» ASSIGNMENT
Only the text belongs in the copy. Transcribe the data exactly and drop any pictures.

» SUPPLIED DATA

-- Opening Marker --

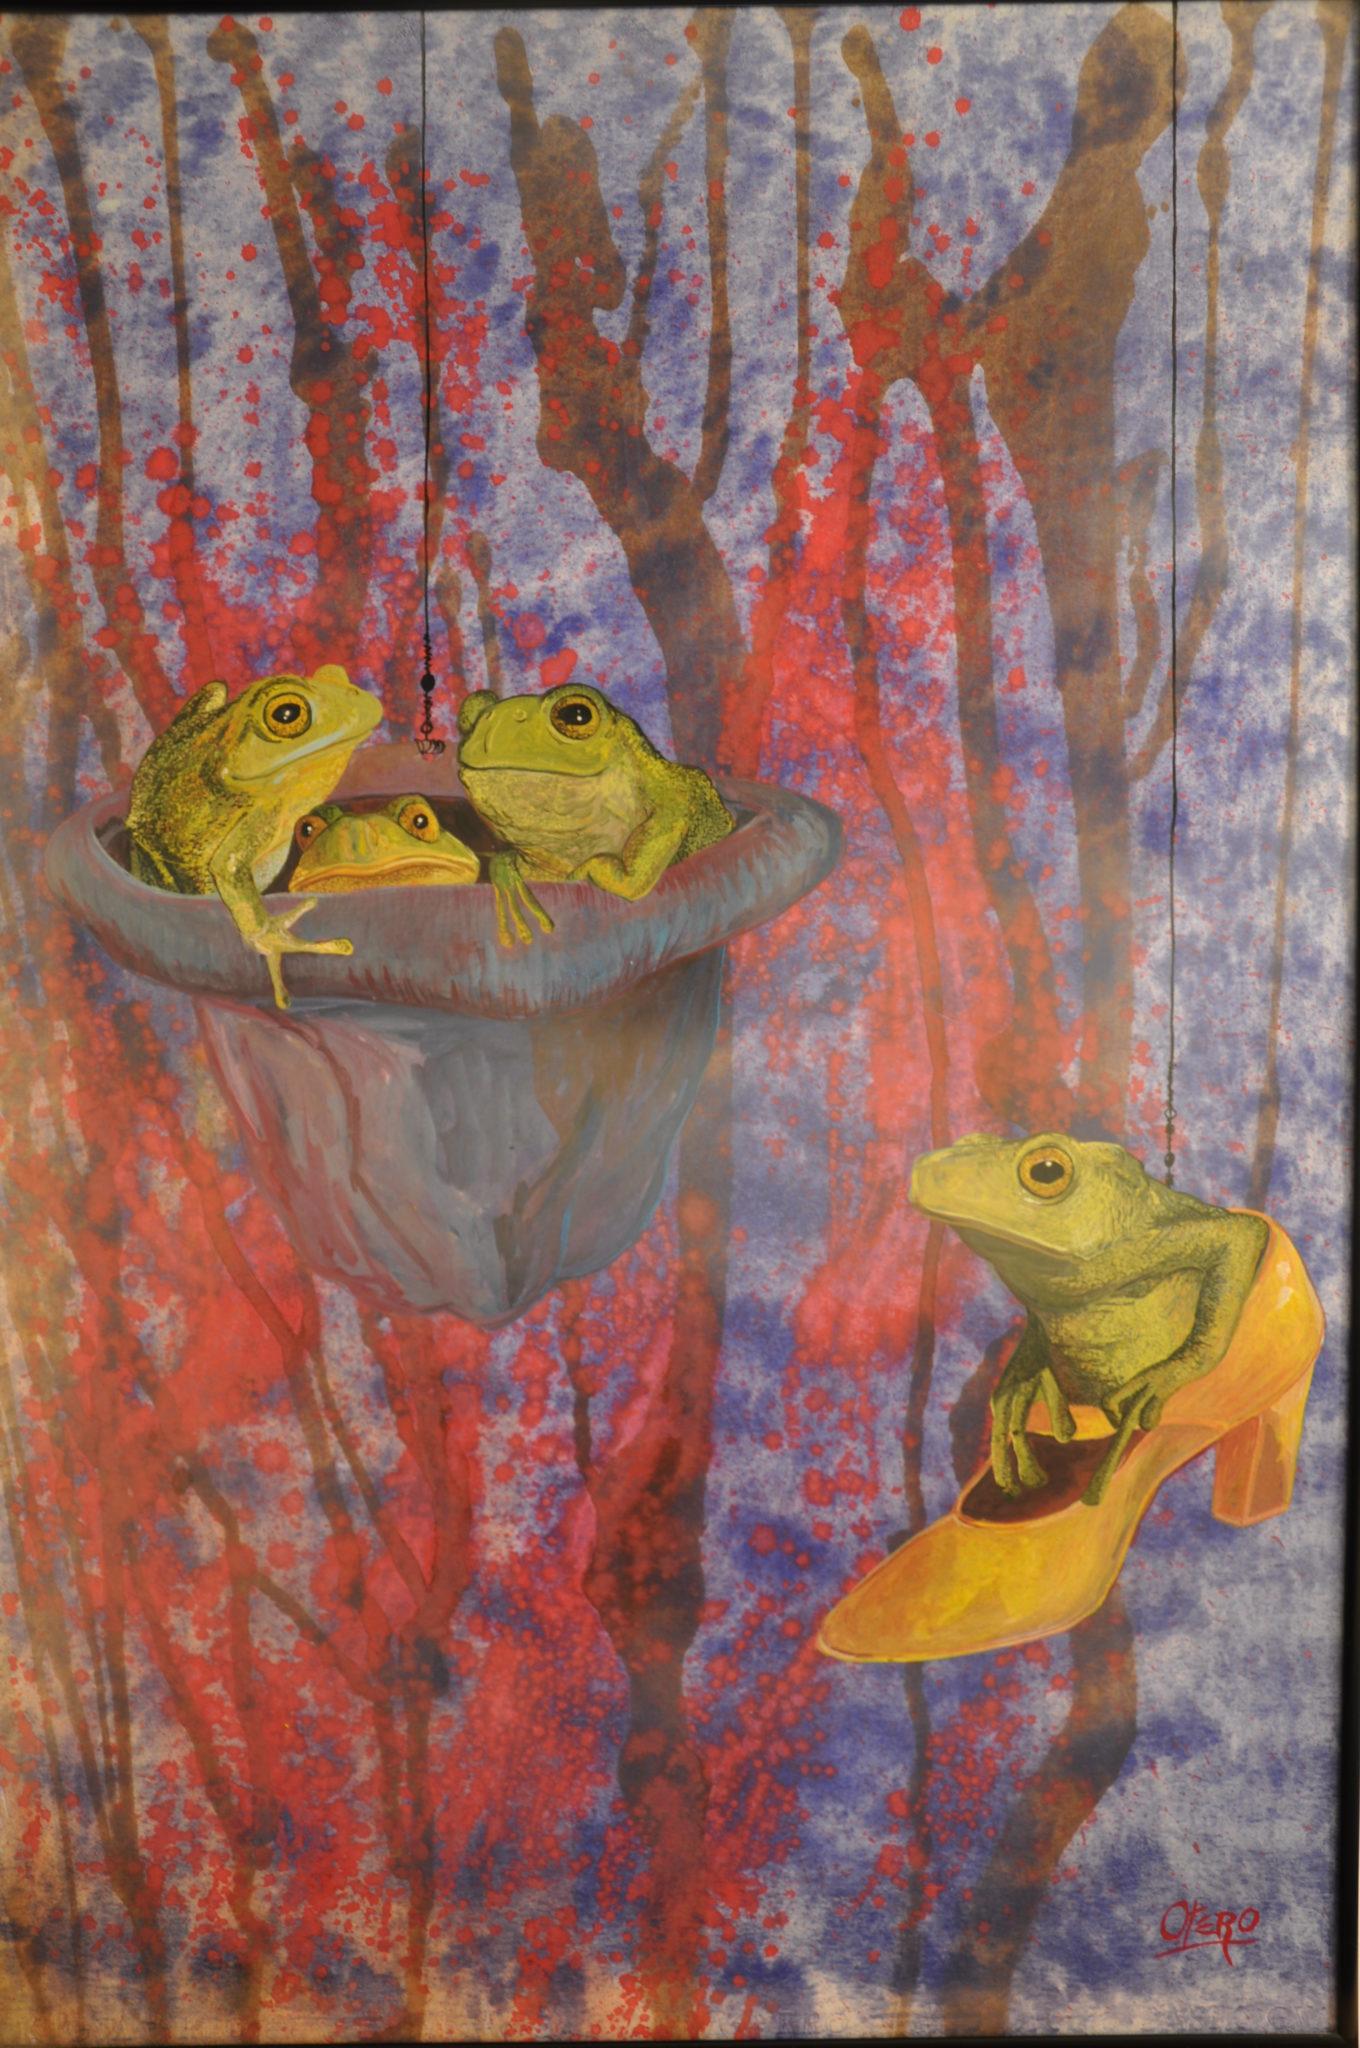 El bosque encantado, 1994.Gouache sobre cartulina Basik 50x 70 cms. Bego Otero. www.oteroart.com
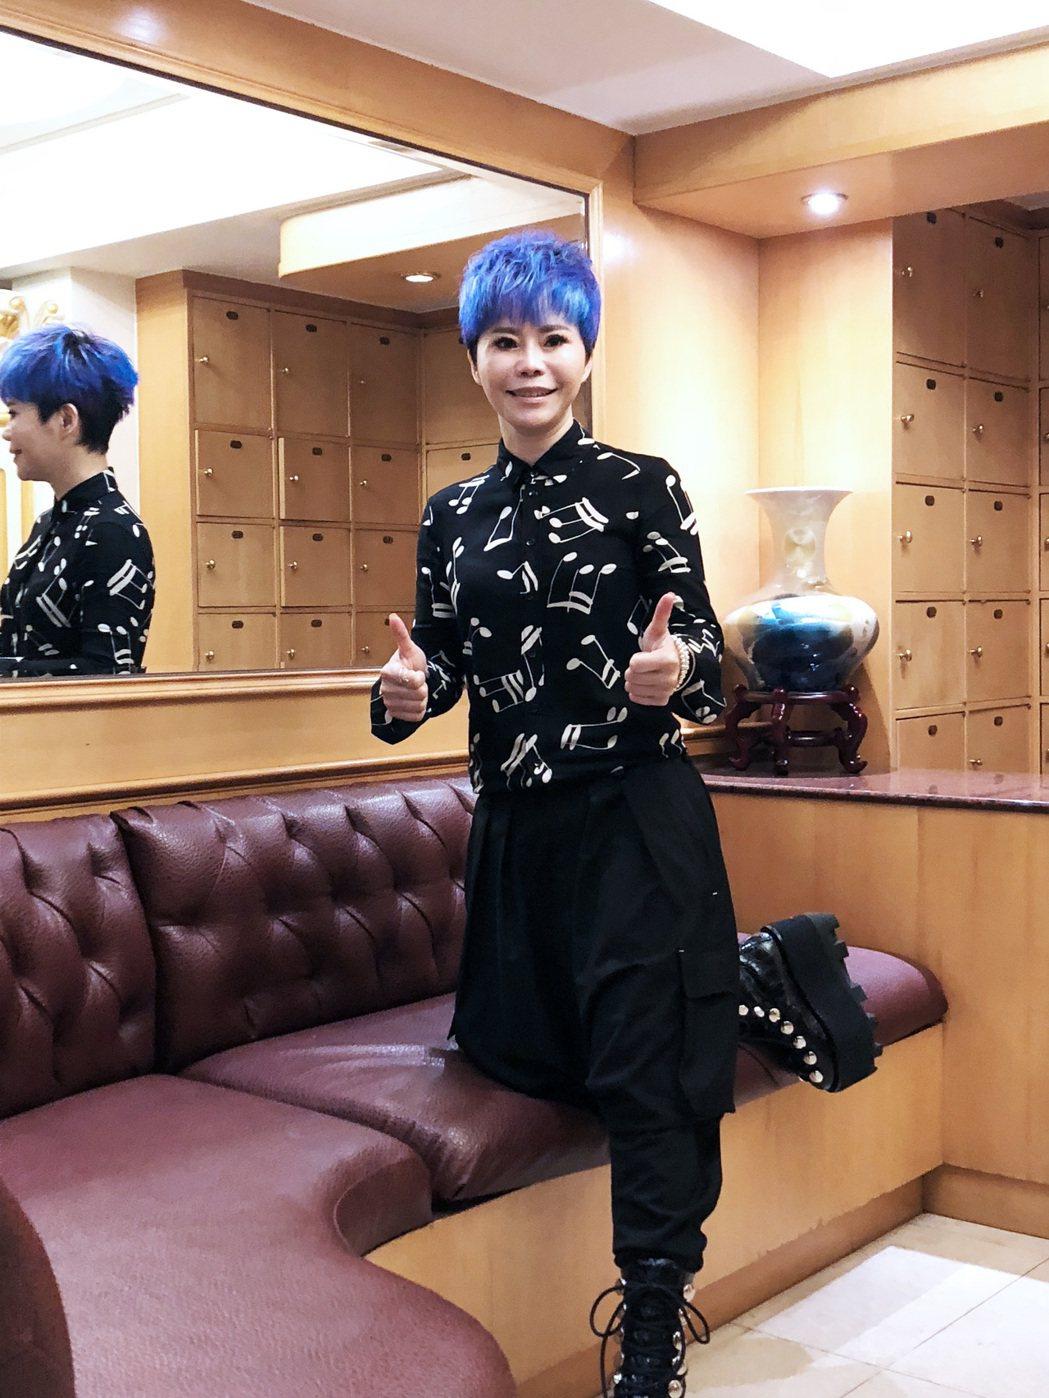 為了2018的新春場演唱會,詹雅雯特地染了一個藍紫色頭髮。圖/寬宏藝術提供
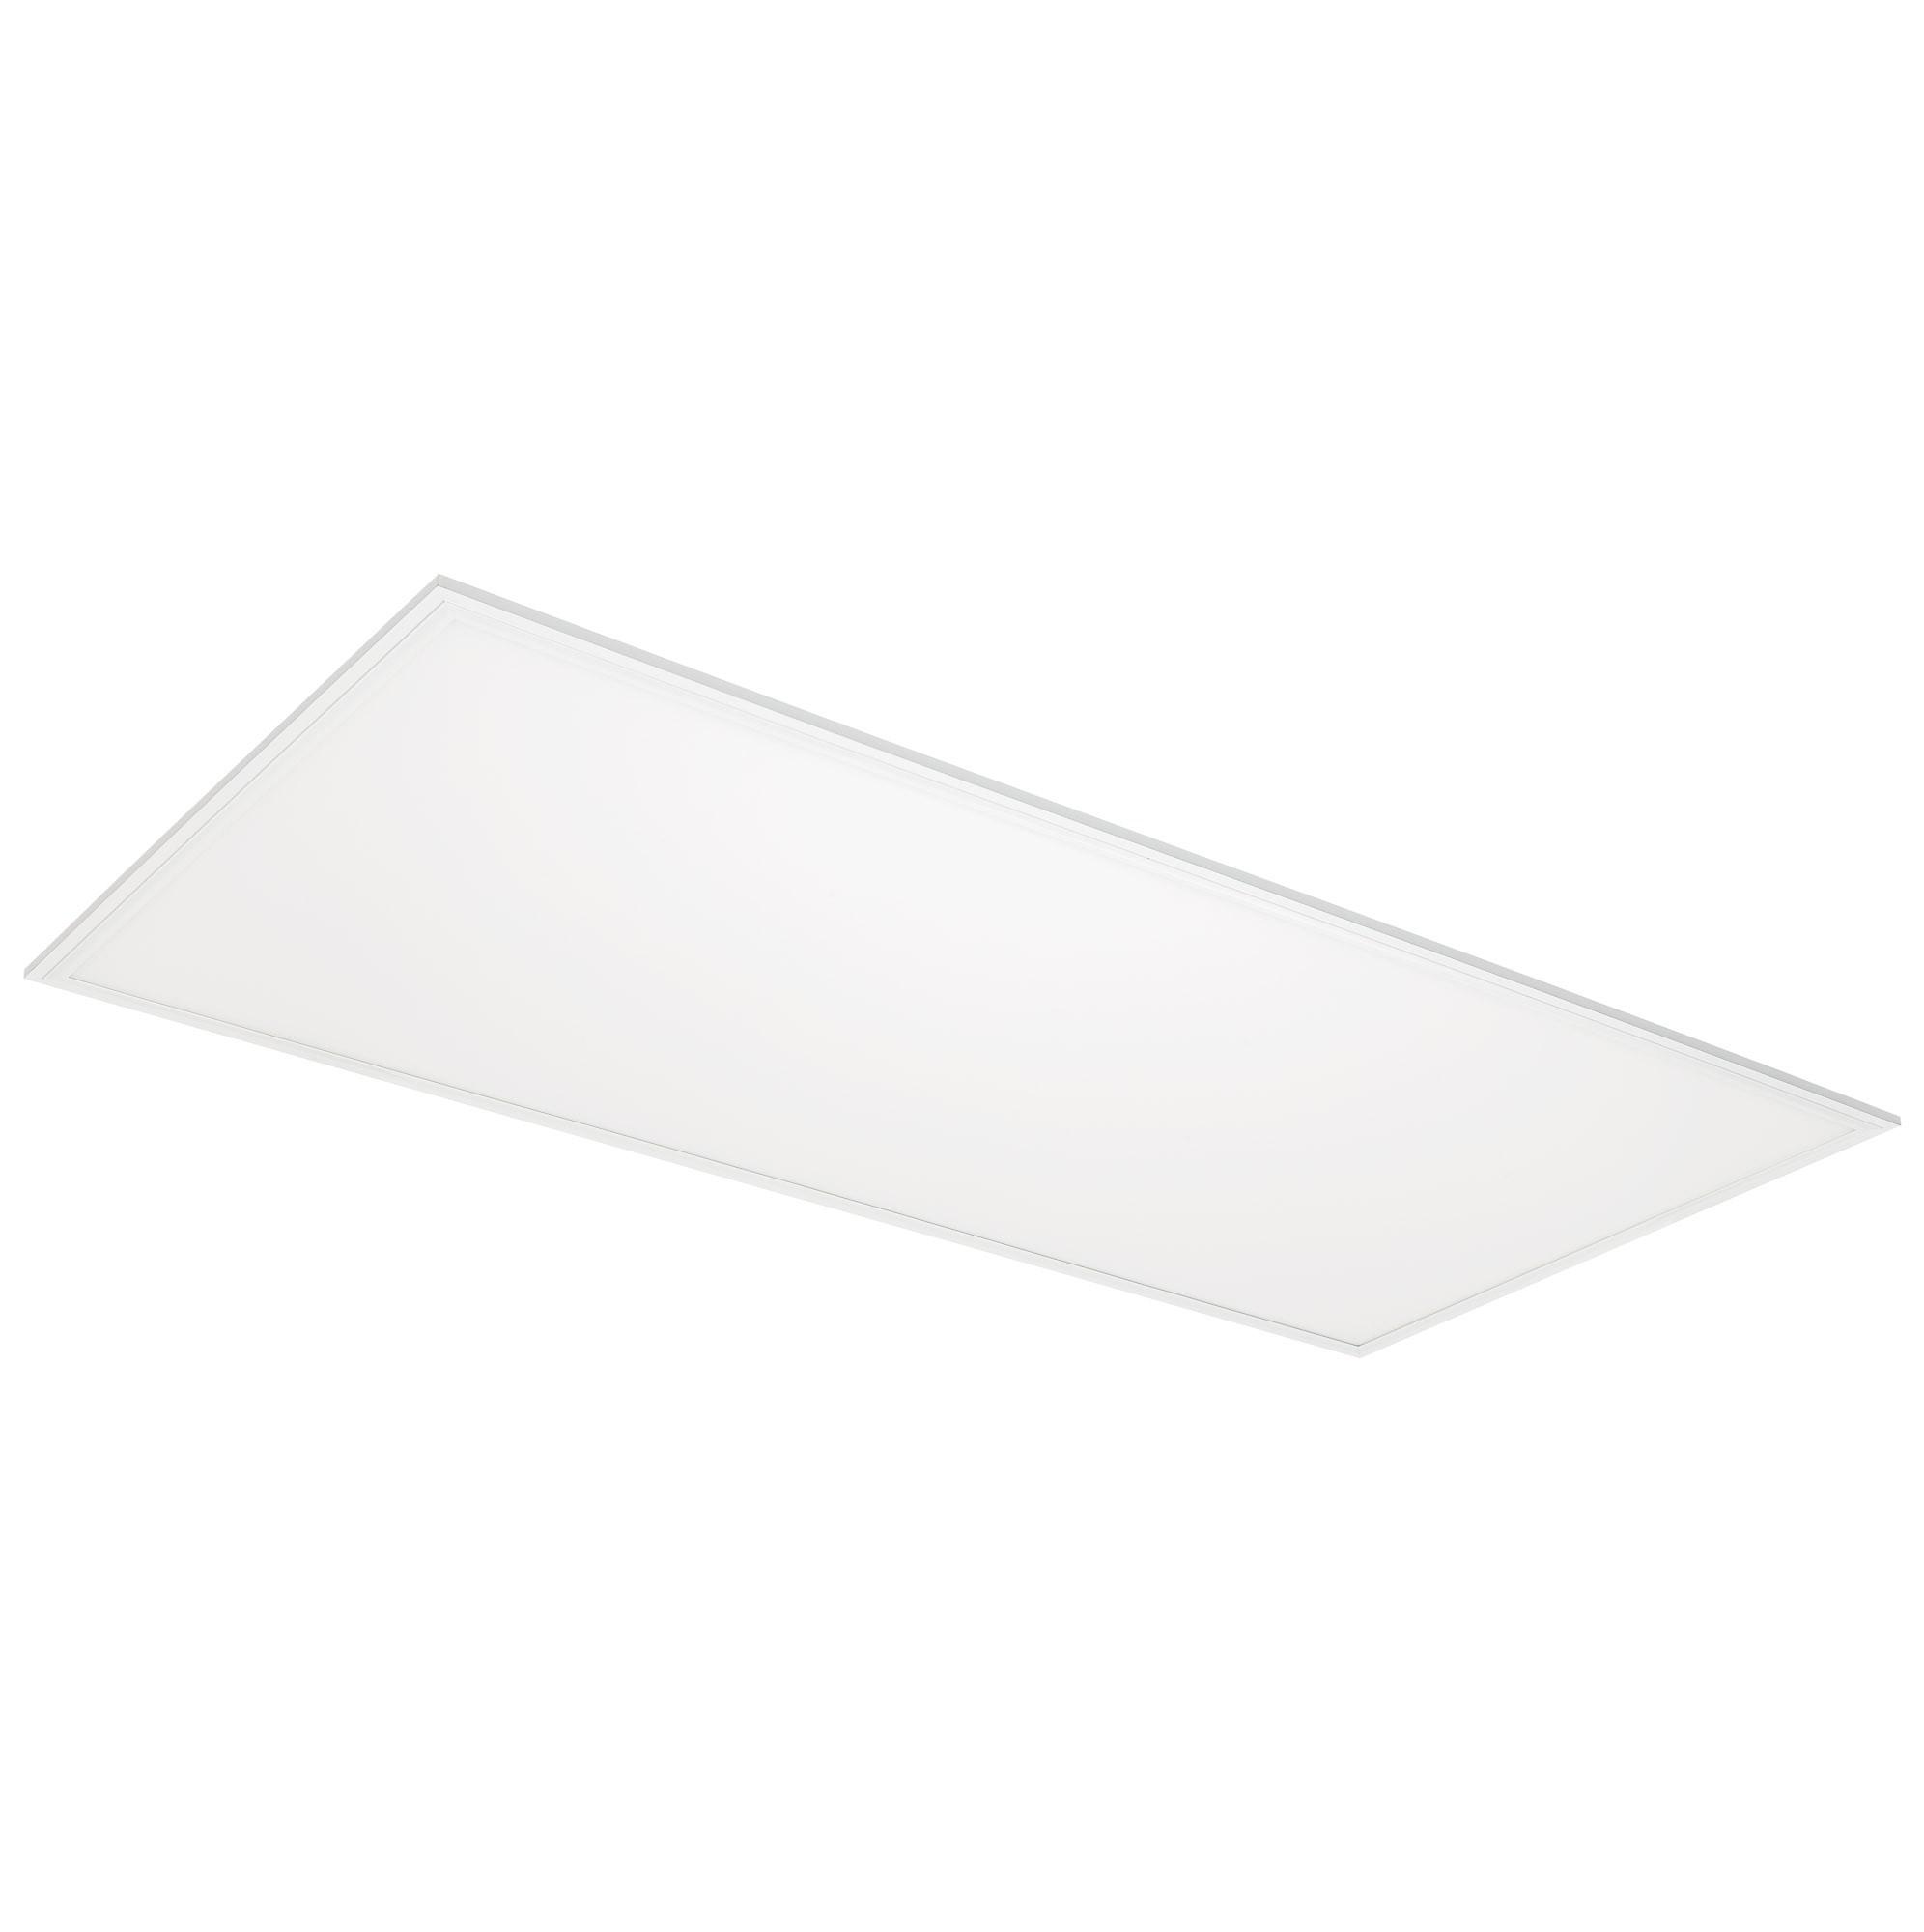 LED LIGHT PANEL - 46W - 1200mm X 600mm - 6000K - 9mm FRAME

-- Closing Marker --

» WRITTEN RESPONSE
 El bosque encantado, 1994.Gouache sobre cartulina Basik 50x 70 cms. Bego Otero. www.oteroart.com
 為了2018的新春場演唱會,詹雅雯特地染了一個藍紫色頭髮。圖/寬宏藝術提供
 LED LIGHT PANEL - 46W - 1200mm X 600mm - 6000K - 9mm FRAME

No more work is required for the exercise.